A third bias I discovered was that I had a little too much faith in my own process. For example, I’m utterly meticulous about providing “before” & “after” screen recording demos for fixes like these. The act of producing these videos is a key moment in my process. Because it requires distilling the change down into a bitesize comparison and capturing it visually, it’s the moment where I catch most of my “oh shit, I nearly missed that!” bugs. In this case, due to the bug being in a visual detail I wasn’t trying to change and relating to CSS code that wasn’t in the diff, I missed this one anyway even though it’s clearly visible in the “after” video on the pull request.

Something that went very well here, though, was the fast turnaround on the revert pull request. In the regression issue thread I estimated that fixing it would take several days and offered to revert the original PR instead to unblock the release. I’m glad we went with that option. My stress level was immediately back at baseline once I’d created the revert pull request.
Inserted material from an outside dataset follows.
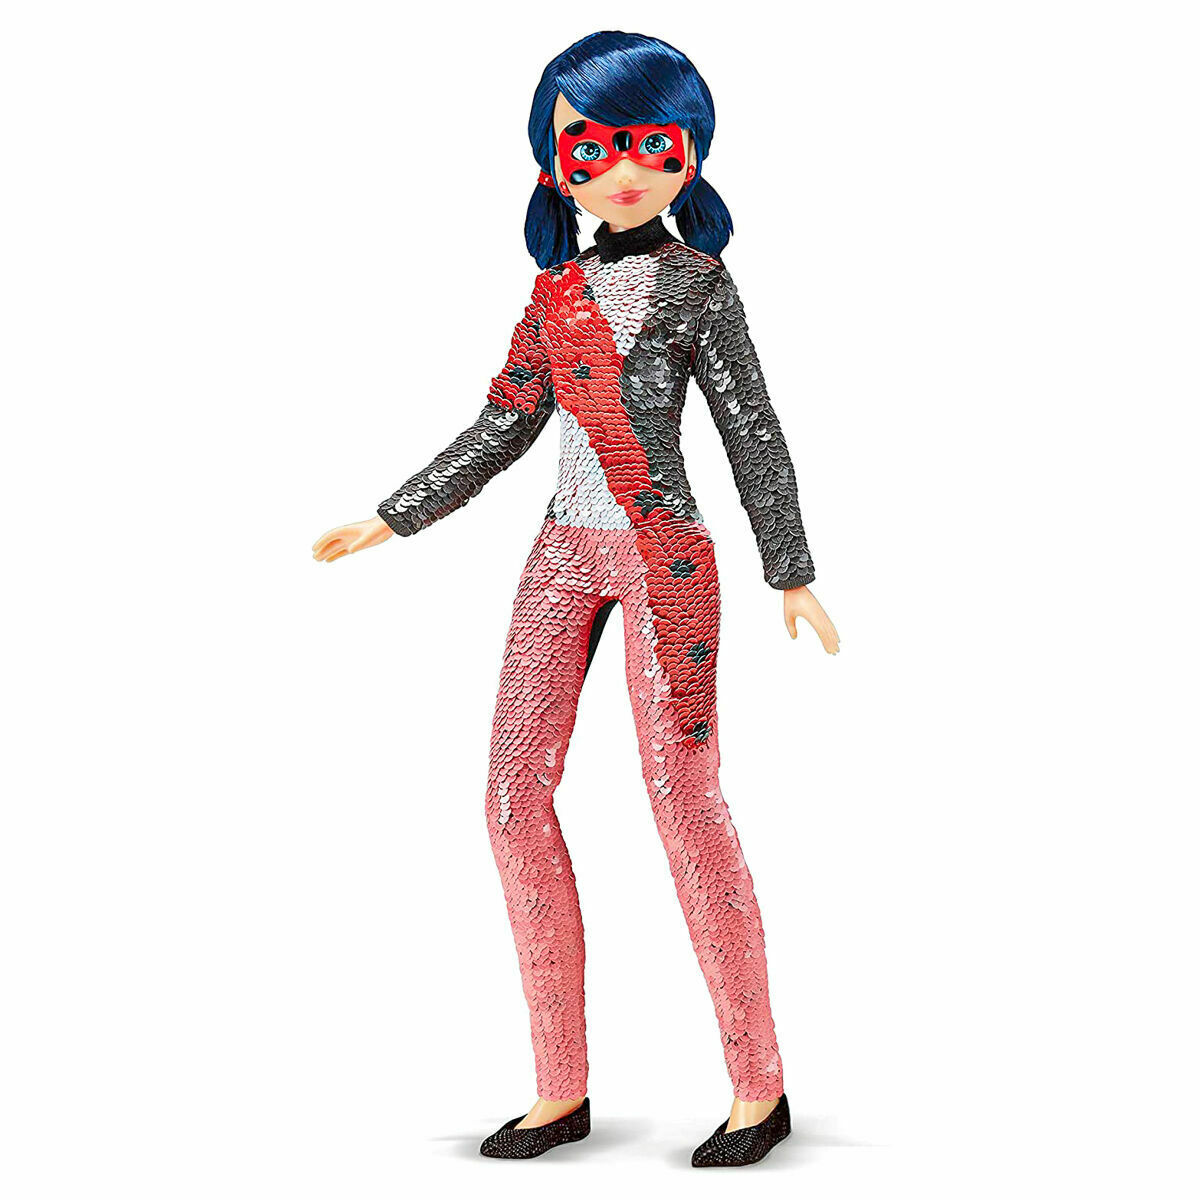 Miraculous Marinette to Ladybug Sequins Doll

Another positive was that the new perspective resulting from the mistake made me understand how overextended and sloppy I’d become. The same mistake was present in another open pull request of mine, I learned. So I closed it, along with a few others, to give myself some thinking time and free up maintainer resources to work on the release instead.

That thinking time went more or less like this: I feel utterly determined to continue contributing to this project, but also some embarrassment and frustration about the level of quality of some of my work so far. How can I tweak my approach in order to get those levels somewhere satisfactory despite being quite unfamiliar with the code still?

One technique I love for catching unexpected visual differences between two versions of a webpage is to open the old version and the new one in adjacent tabs and rapidly jump back and forth between the two tabs. The speed is key, because it gives the differences an almost animation-like quality and makes them jump out of the screen at you. I decided to figure out a workflow to bring this check into my process.

What I came up with involves checking out the forgejo (i.e. main) branch, building and running the application and opening a tab showing the feature being worked on, then switching branches and repeating the process there. At that point you have a “before” tab and an “after” tab and can use the rapid tab switching technique to surface any unexpected changes.

Here’s a demo! I run each command in sequence on the left, and then at around 00:36 when both tabs are ready I begin switching back and forth between them. The visual bug jumps out at you very clearly.

Given that structural HTML changes are such a key part of accessibility retrofitting and that Forgejo’s approach to selectors couples its CSS quite tightly to the structure of the HTML, I think this technique is going to be critically important to be able to deliver the necessary amount of retrofitting work without these kinds of regressions. And hopefully it can be of use to others who show up to help in the future too!